La lluvia, más intensa ahora, golpeaba los ventanales de la estación con una furia contenida. Afuera, los faroles dibujaban sombras largas sobre el asfalto. Abril pensó en la libreta que ya no estaba con ella. Esa libreta había sido su única confesión real en años. En ella escribió todo lo que no podía decir en voz alta: los sueños donde Damián la abrazaba mientras los misiles caían a lo lejos; las veces que lo odiaba por marcharse sin explicar por qué; el miedo de que él no regresara y ella no sintiera absolutamente nada.

Era su verdad. Y ahora estaba en manos de él.

¿La leería? ¿O se perdería como tantas otras cosas en esa guerra absurda que lo reclamaba todo?

Un hombre mayor pasó cerca arrastrando una maleta. La miró con amabilidad, como si intuyera algo en su postura, en sus ojos. Abril intentó devolverle una sonrisa, pero solo logró un gesto débil. Se sentía vacía. Como si hubiese entregado algo más que un cuaderno y un beso esa noche.

Entonces recordó algo que Damián le había dicho la última vez que se vieron, hace más de un año, en un hospital de campaña en Ucrania. Ella había estado cubriendo un ataque aéreo y él llegaba con un convoy de heridos. Fue un encuentro breve, entre el polvo y el olor metálico de la sangre.

Hay guerras que uno elige. Y otras que te eligen a ti, le había dicho él, mientras le vendaba una herida superficial en el brazo.

En ese momento, ella creyó que hablaba de conflictos armados. Pero ahora entendía que se refería a otra cosa. A ellos. A lo que compartían.

Porque lo que tenían era una guerra también: sin bandos claros, sin trincheras visibles, pero con sus propias heridas. Ninguno de los dos había elegido amarse en medio del caos, pero ahí estaban. Años después. Aún atrapados entre lo que fue y lo que nunca se permitió ser.

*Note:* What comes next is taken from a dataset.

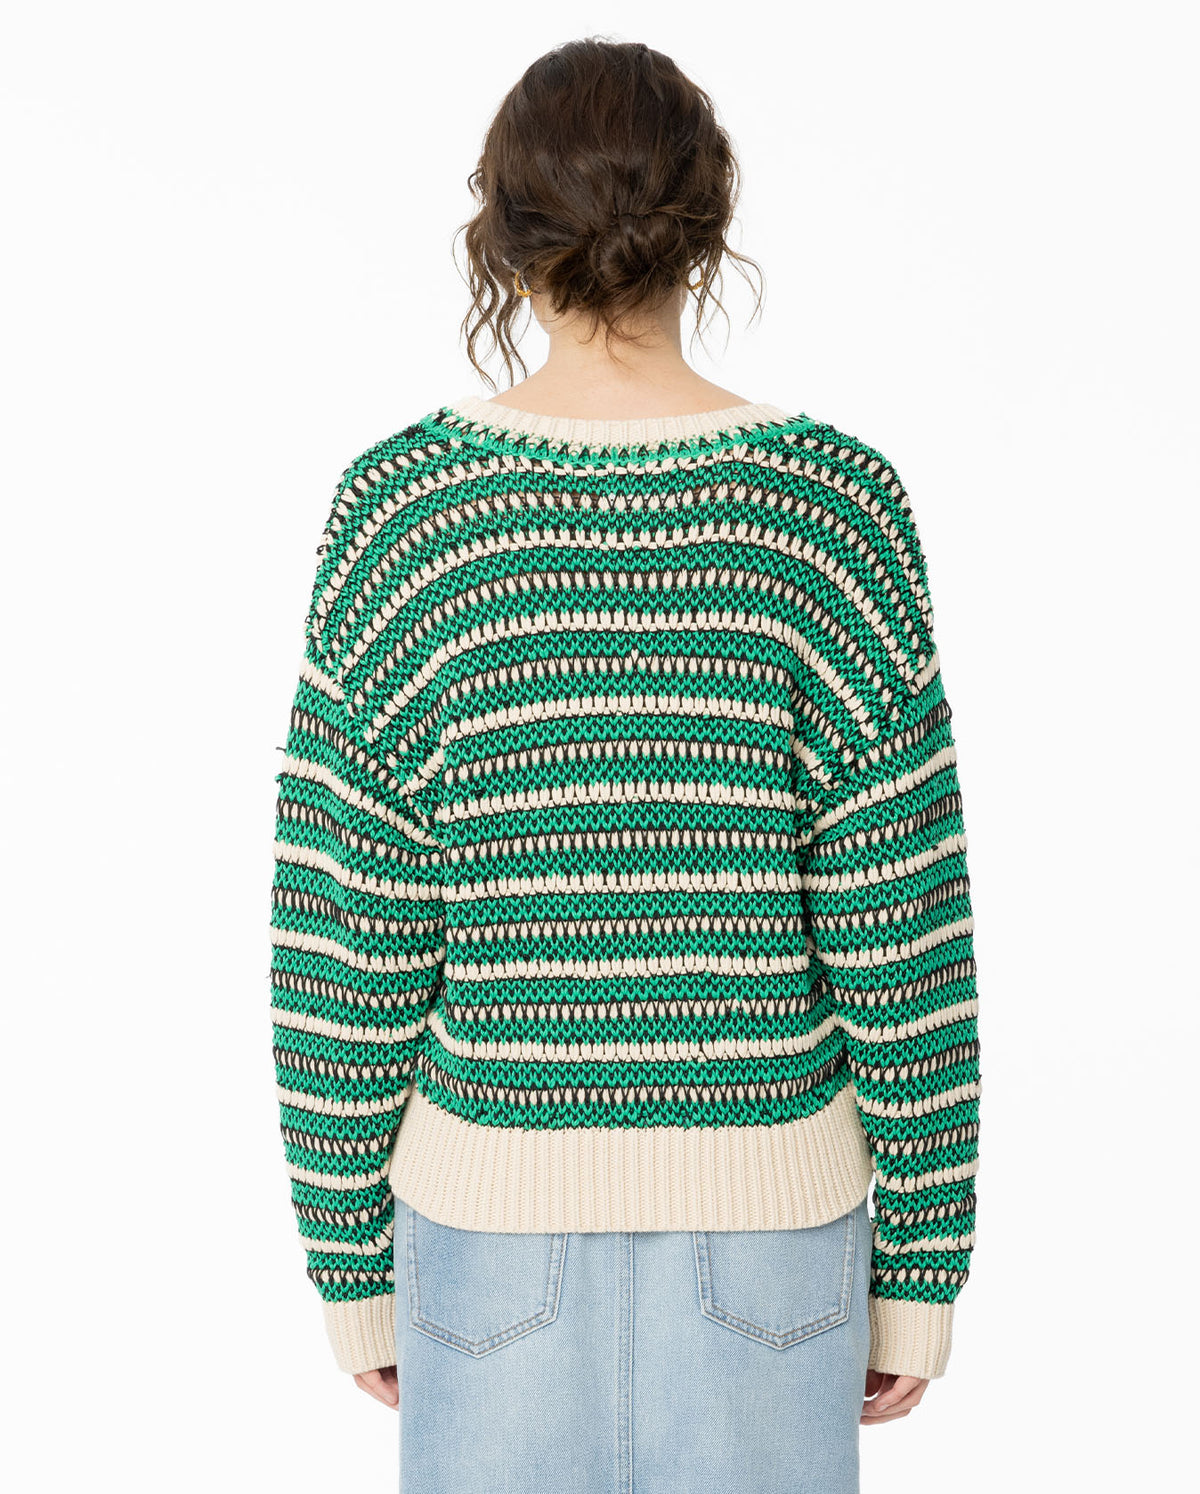 Hilo Summer Knit - Mint Green
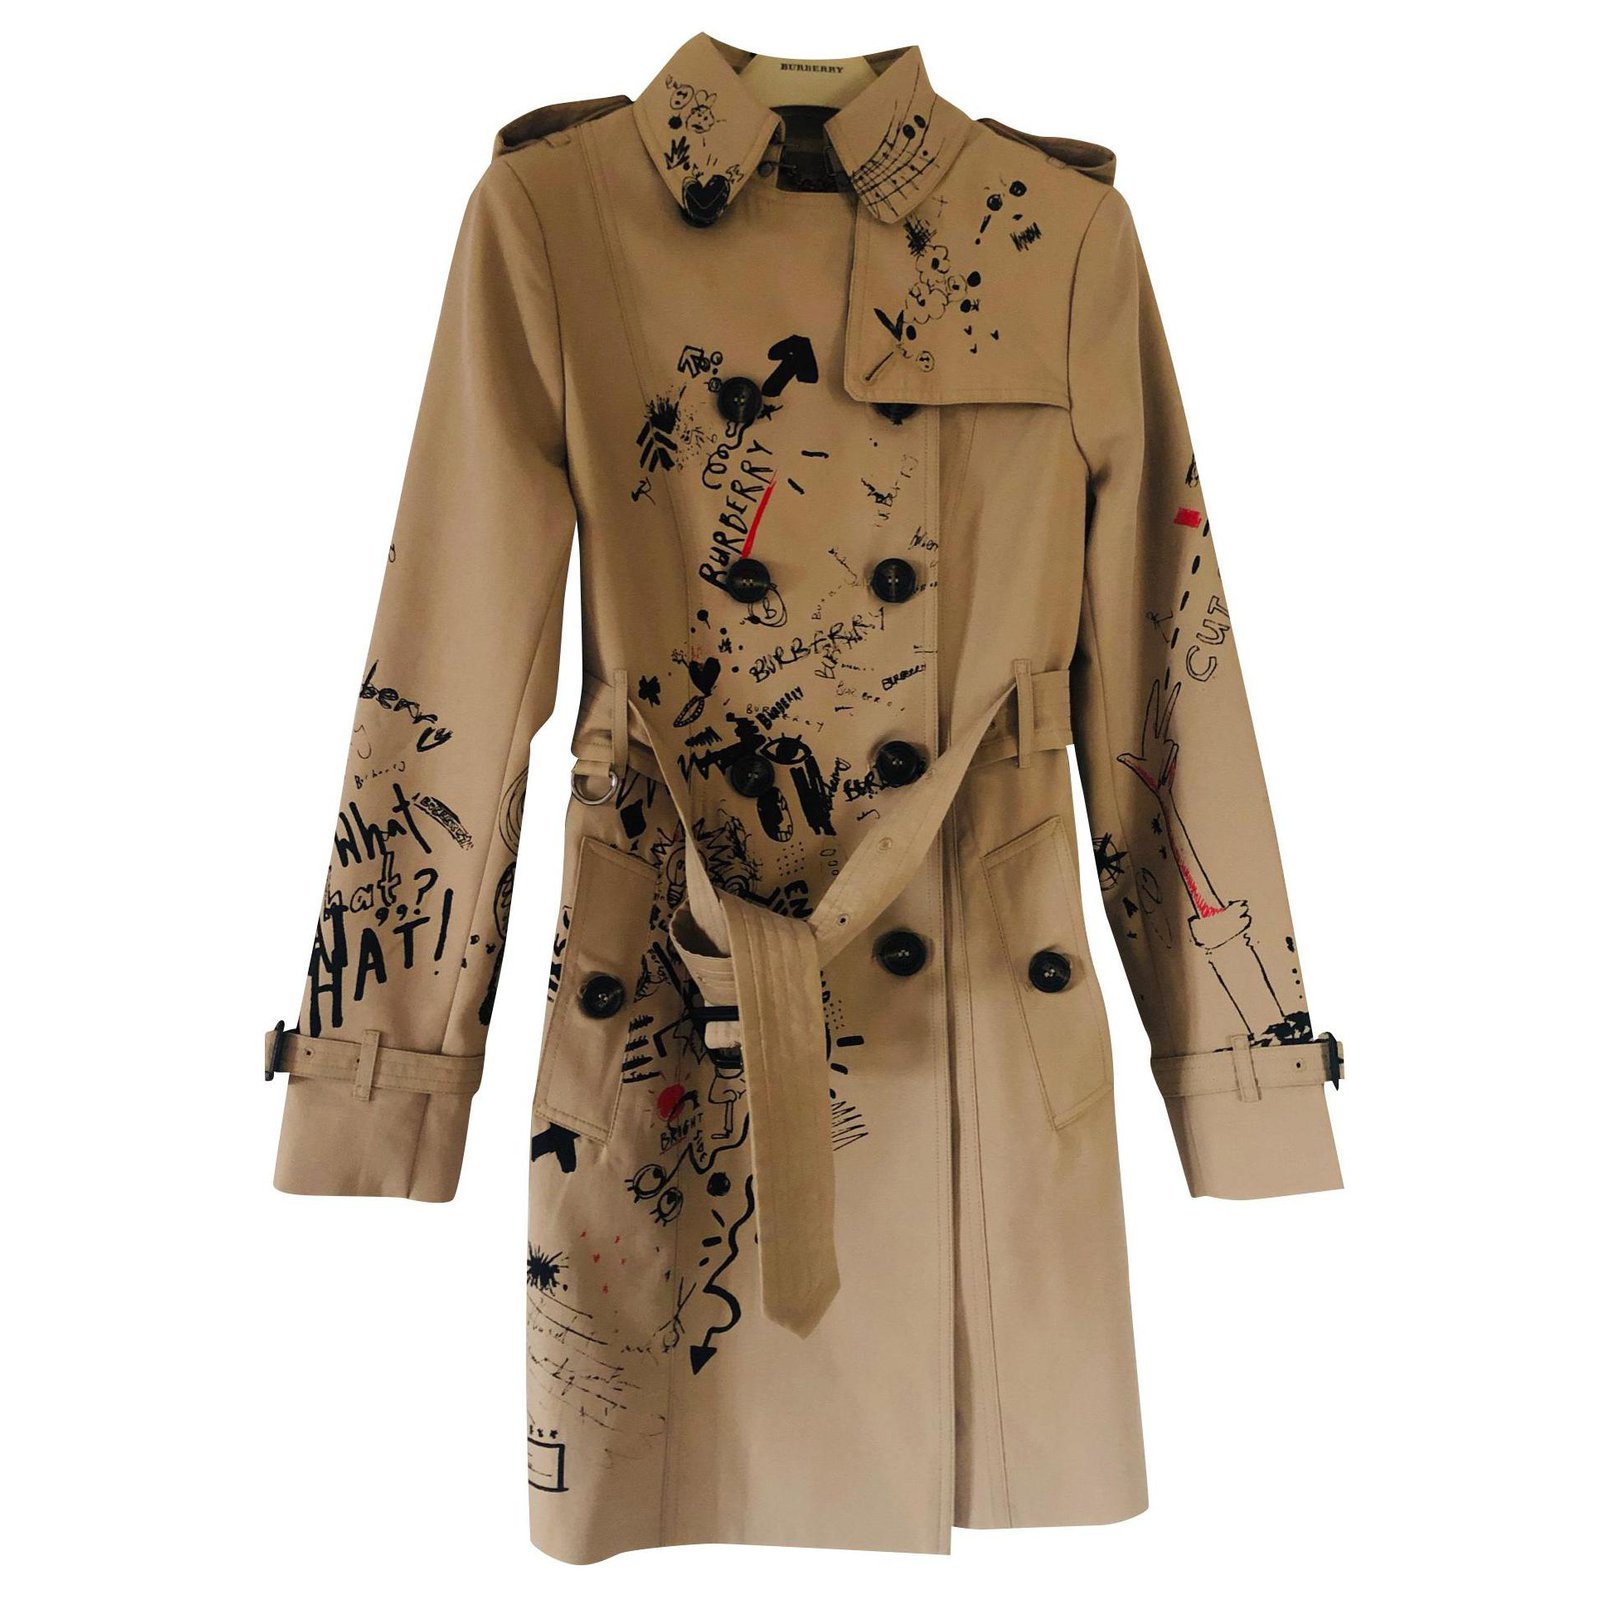 burberry trench coat 2019

El reloj de la estación marcó las 22:17.

Abril se puso de pie. Afuera, la lluvia empezaba a mezclarse con el humo que venía del puerto. El viento le trajo el eco de una sirena lejana, un recordatorio de que la ciudad seguía alerta, aunque nadie quisiera admitirlo.

Caminó hasta el extremo del andén y se detuvo frente a las vías vacías. Imaginó el tren de Damián alejándose, avanzando hacia la oscuridad, hacia el frío, hacia la línea de fuego. Sintió un escalofrío recorrerle la espalda.

Sacó su grabadora de periodista del bolsillo interior. Apretó el botón rojo y habló, con voz baja, casi rota:

Audio, archivo privado. Entrada número uno: Estación Costablanca. Noche del nueve de junio. Damián partió hace exactamente veintiséis minutos. Me dejó con un beso y la mitad del corazón lleno de miedo. Si algún día escuchas esto... supongo que ya sabes que escribí cada palabra para ti. Que aún cuando estaba rodeada de ruinas, la única verdad que reconocía era la de tus ojos.

Pausó. Luego añadió:

Te amo. Y odio esta guerra. Las dos cosas con la misma intensidad. Fin del mensaje.

Guardó la grabadora, respiró hondo y comenzó a caminar.

No sabía si volvería a verlo. No sabía si quería hacerlo.

Pero lo que sí sabía es que esa noche, la última, iba a acompañarla por mucho más que un recuerdo. La llevaría como una herida abierta. Como un nombre susurrado entre disparos.

Como un país al que nunca se regresa, pero que jamás deja de doler.